● The problem:
Only an exact copy is wanted: the lines from the one holding "A woman holding" through the last line below, minus the pictures.

● Data excerpt:
---+---

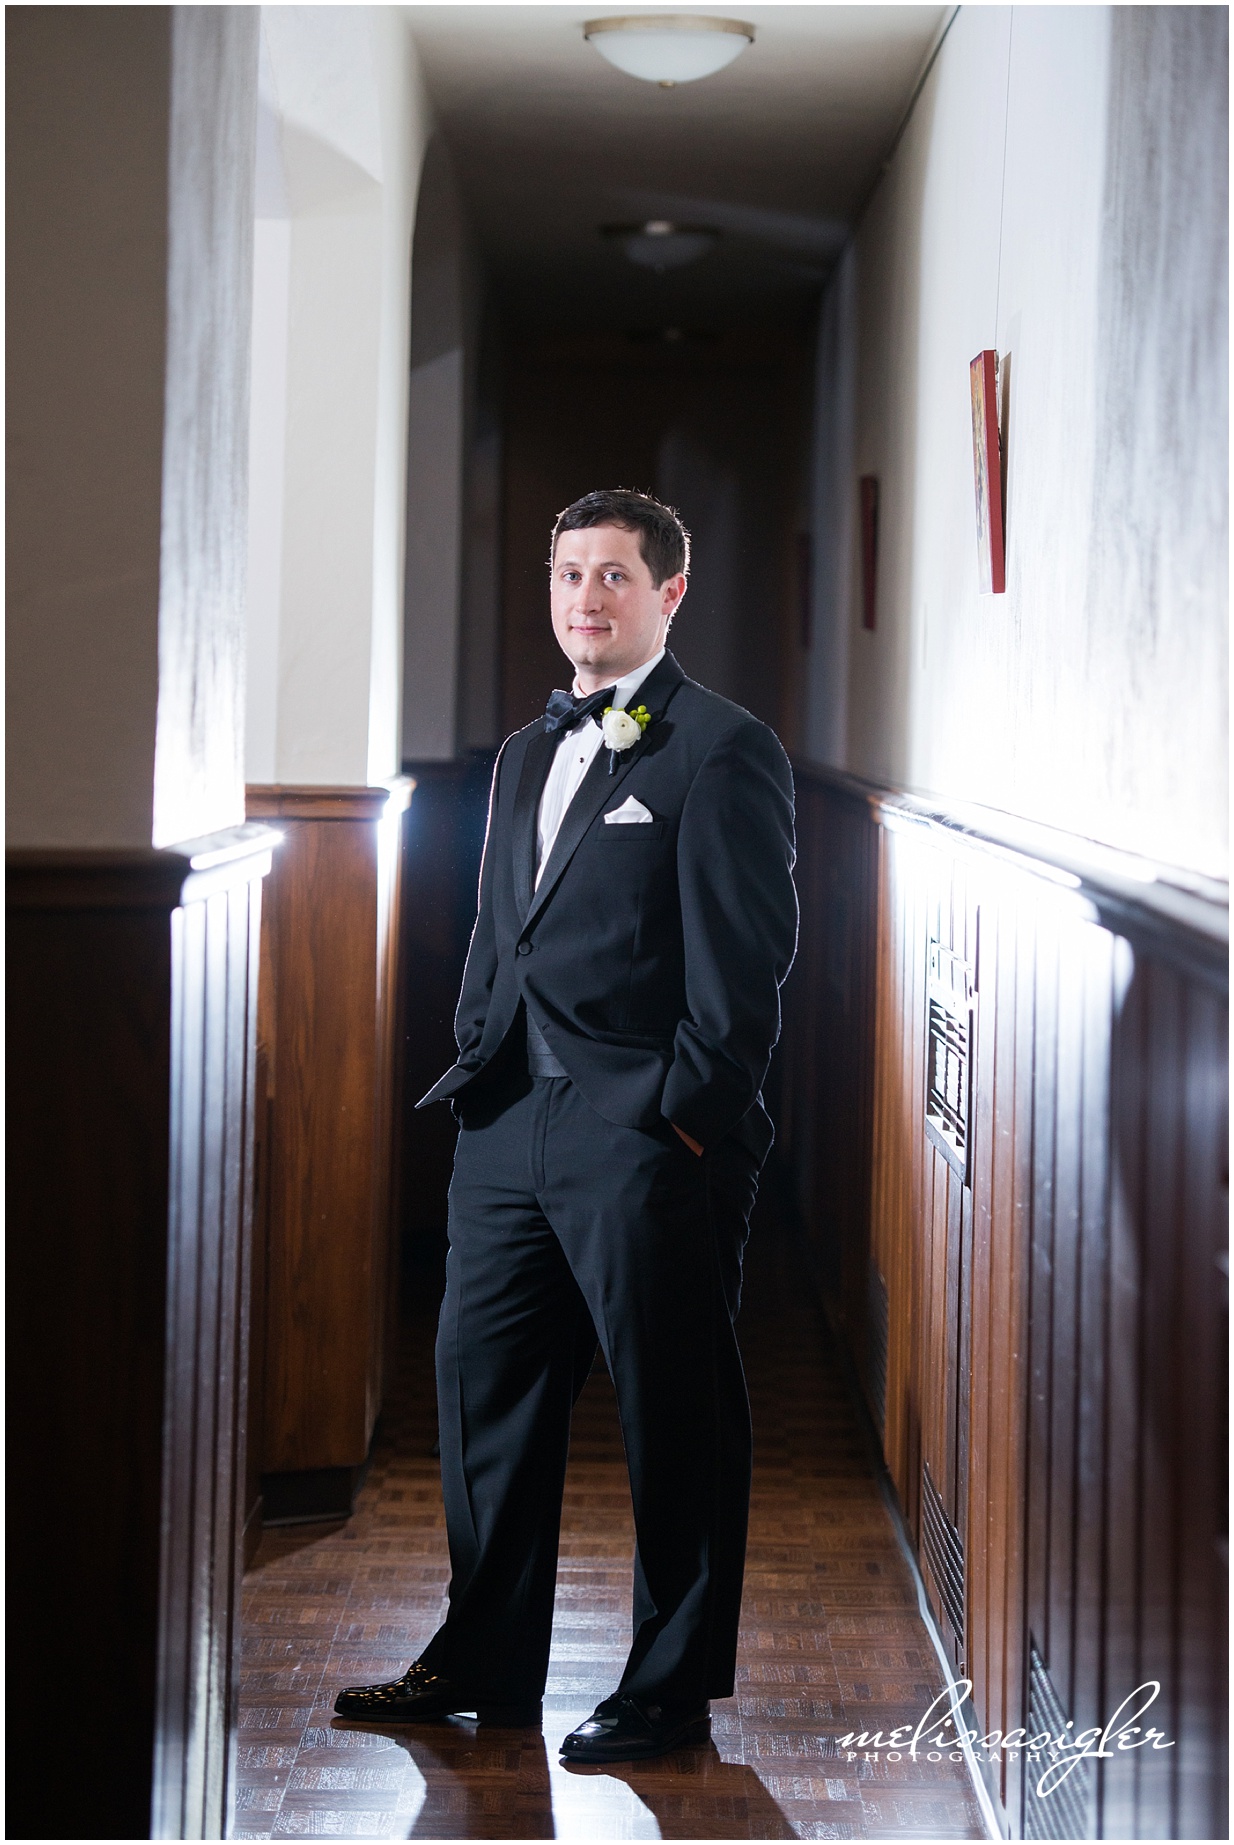 Groom portrait by Fine Art wedding photographer Melissa Sigler in Kansas City
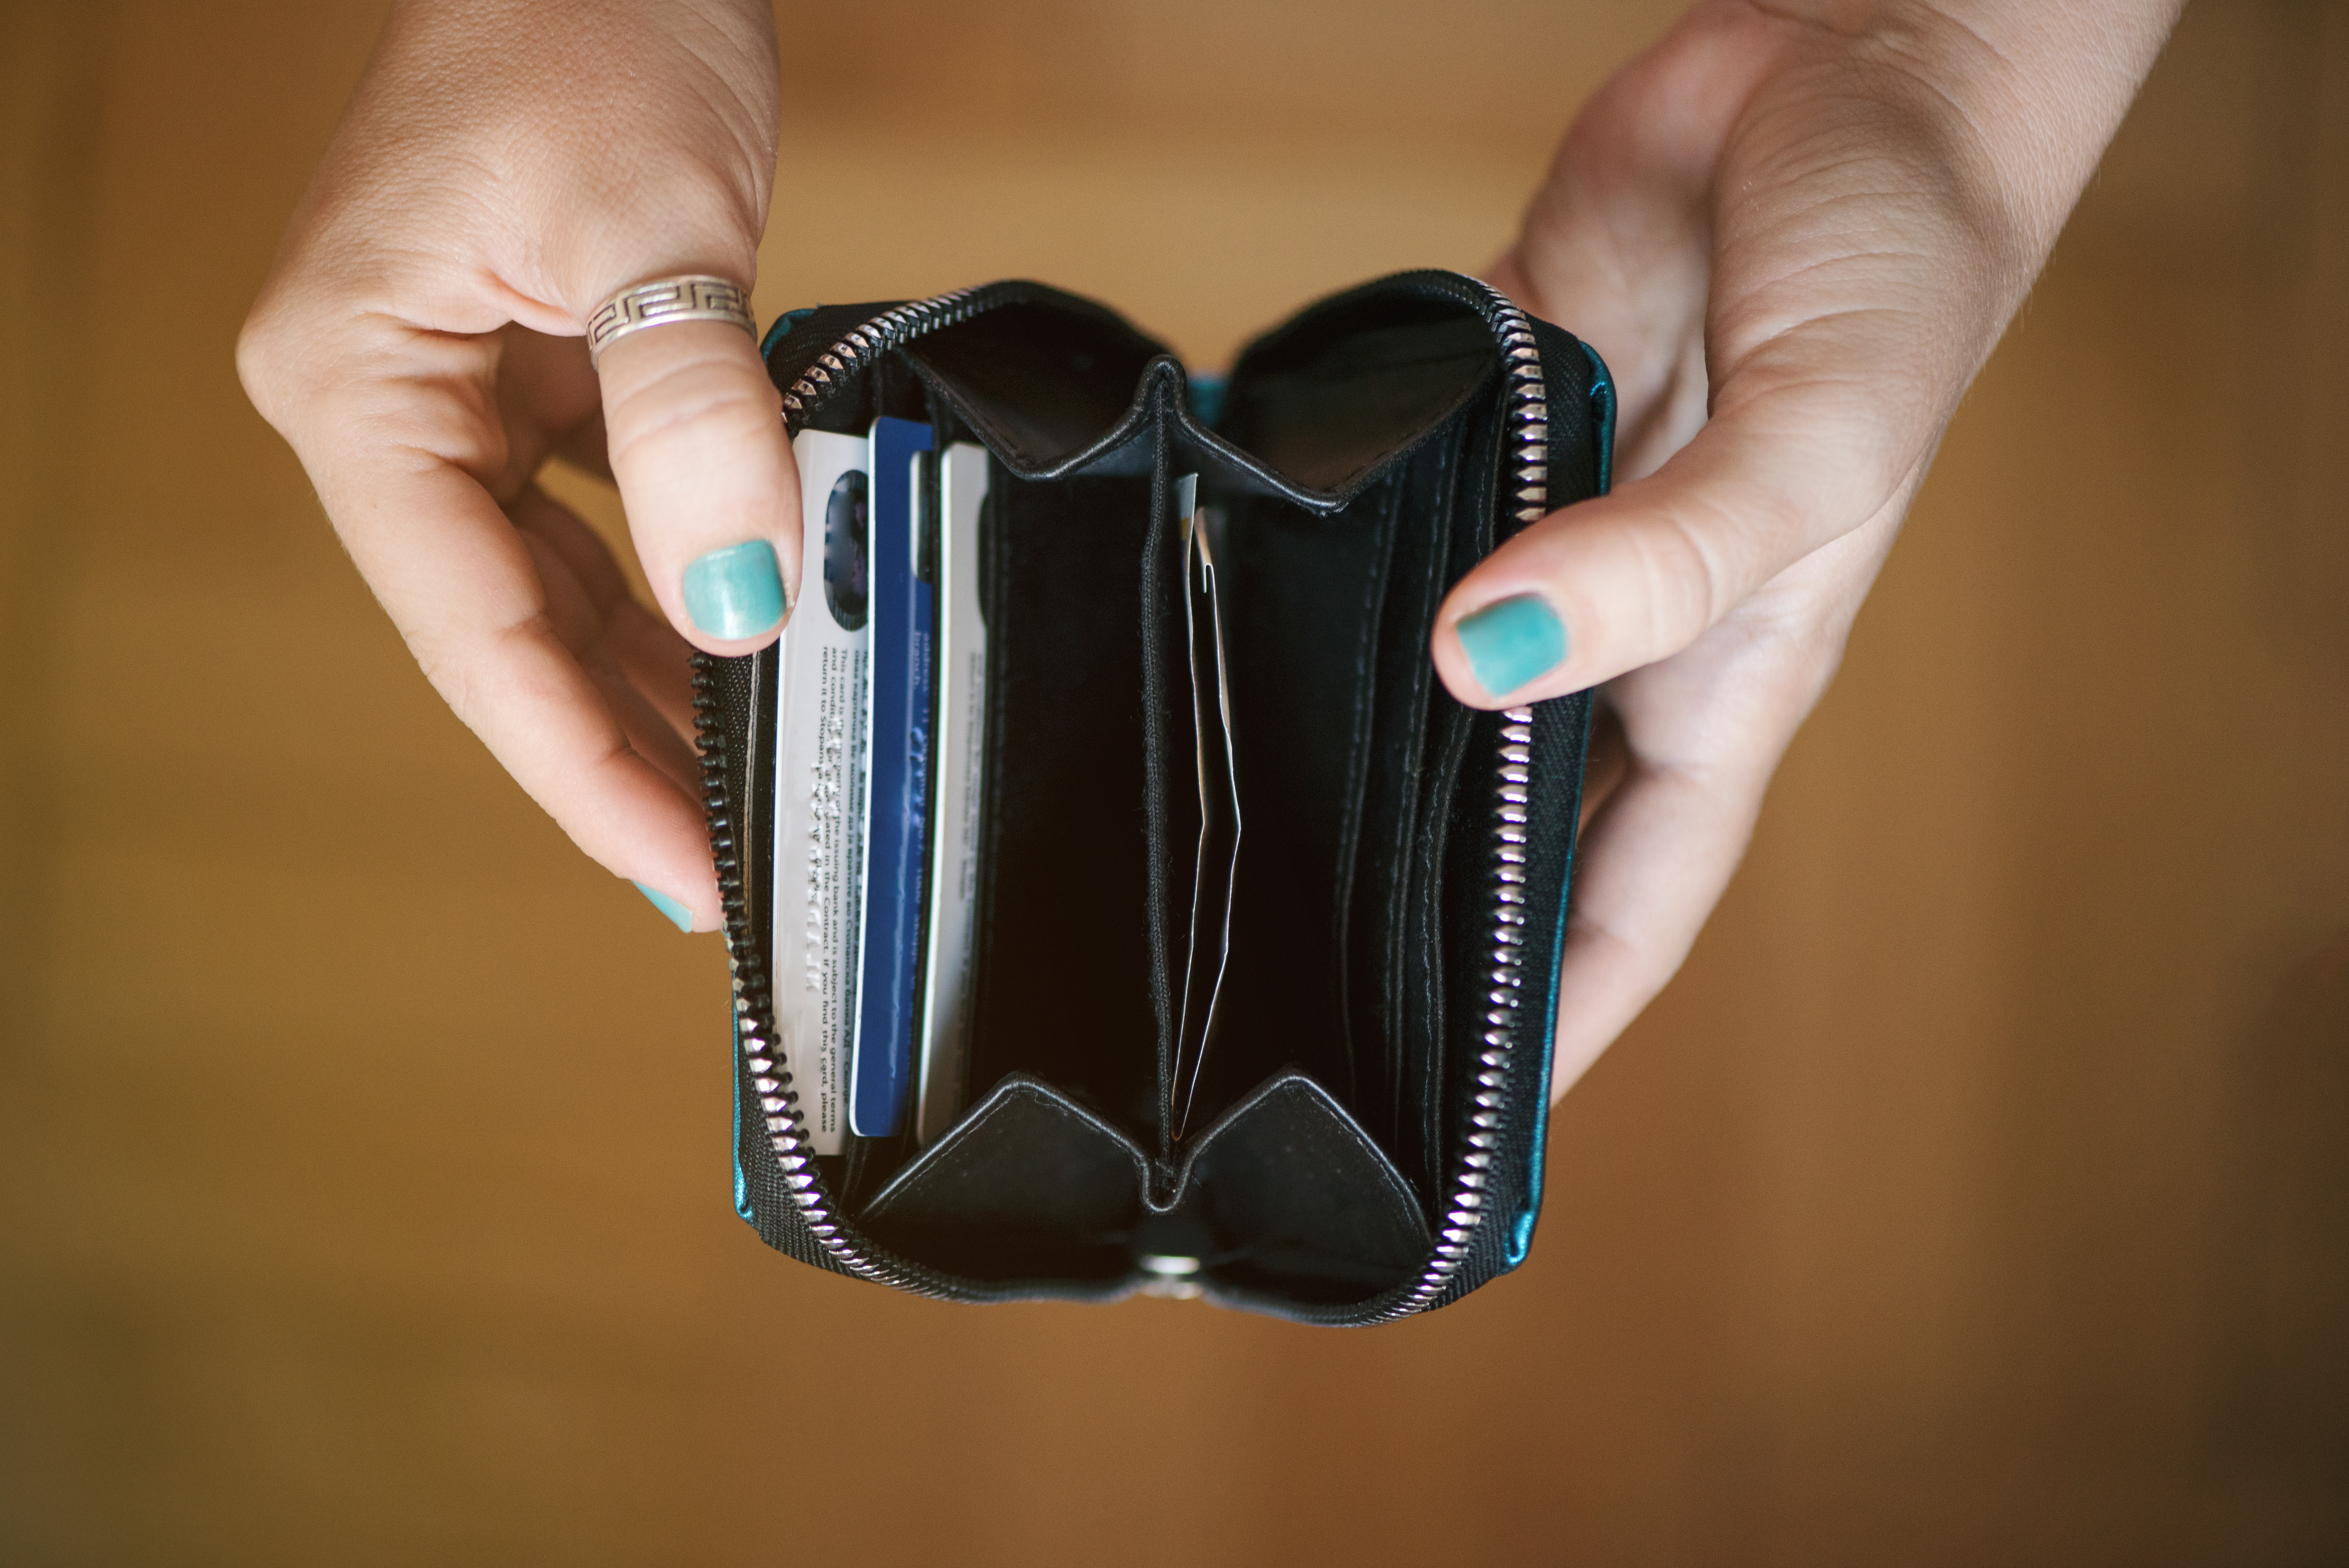 A woman holding an empty wallet | Source: Shutterstock
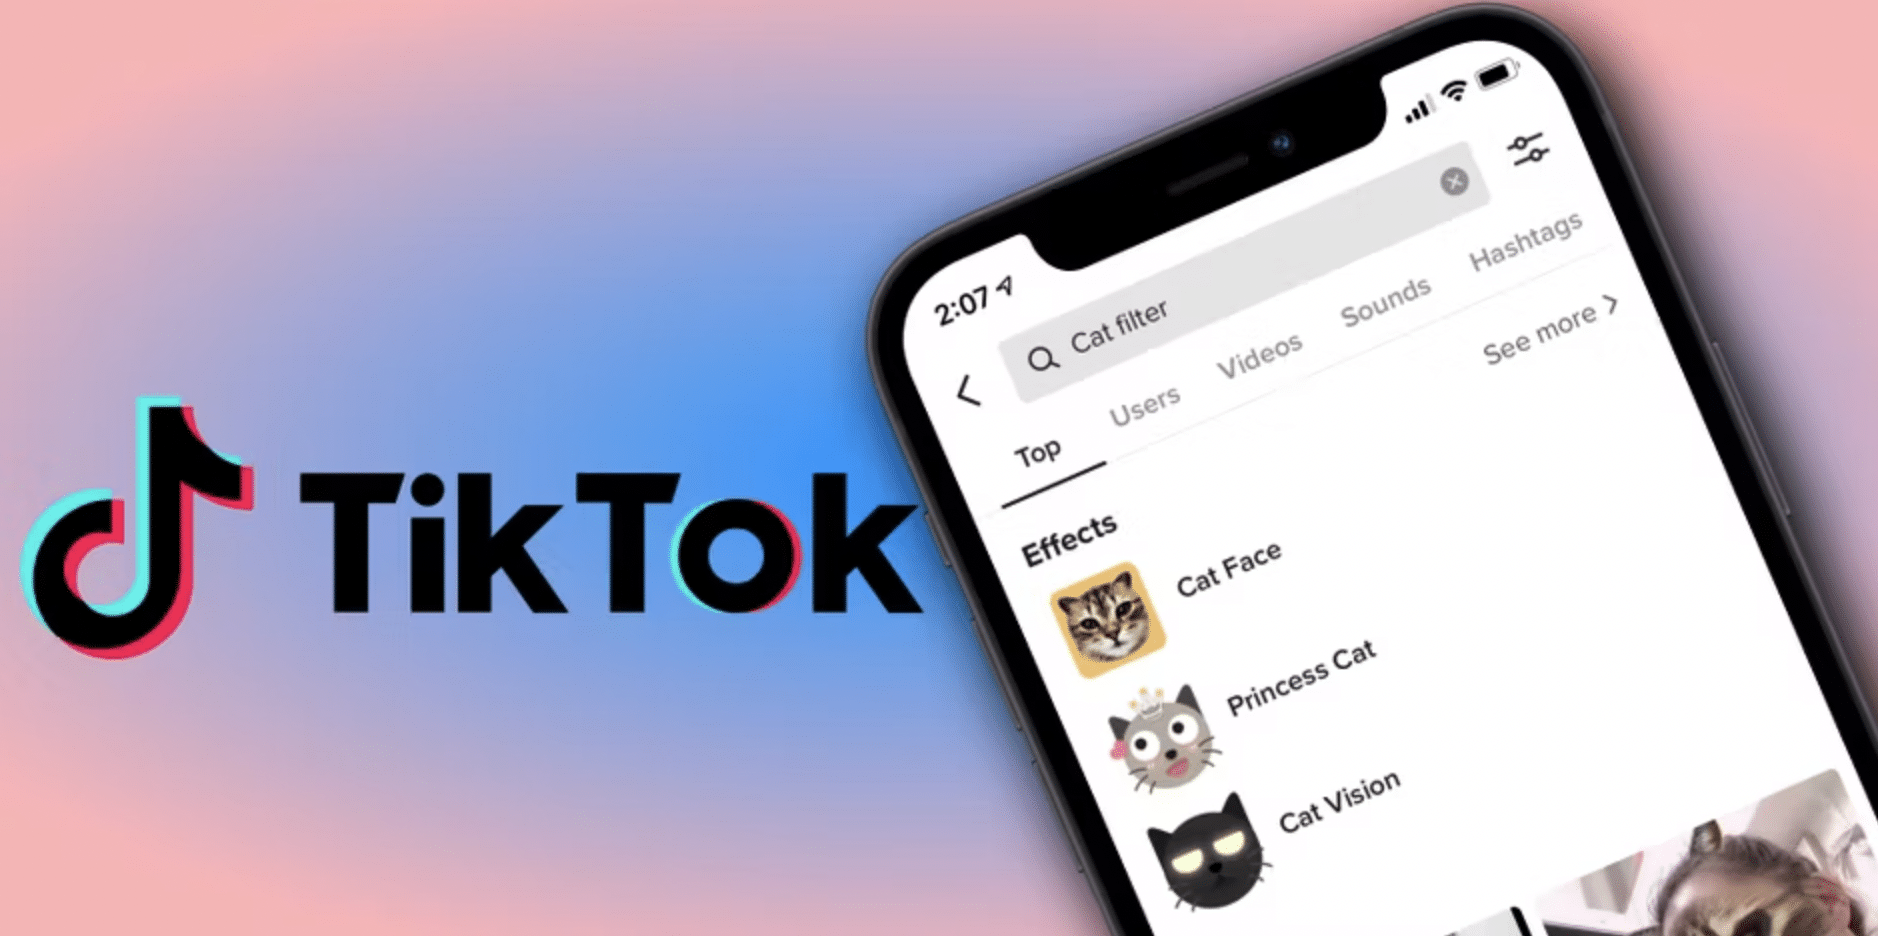 image shows TikTok search

---+---

● Result for this exercise:
 A woman holding an empty wallet | Source: Shutterstock
 image shows TikTok search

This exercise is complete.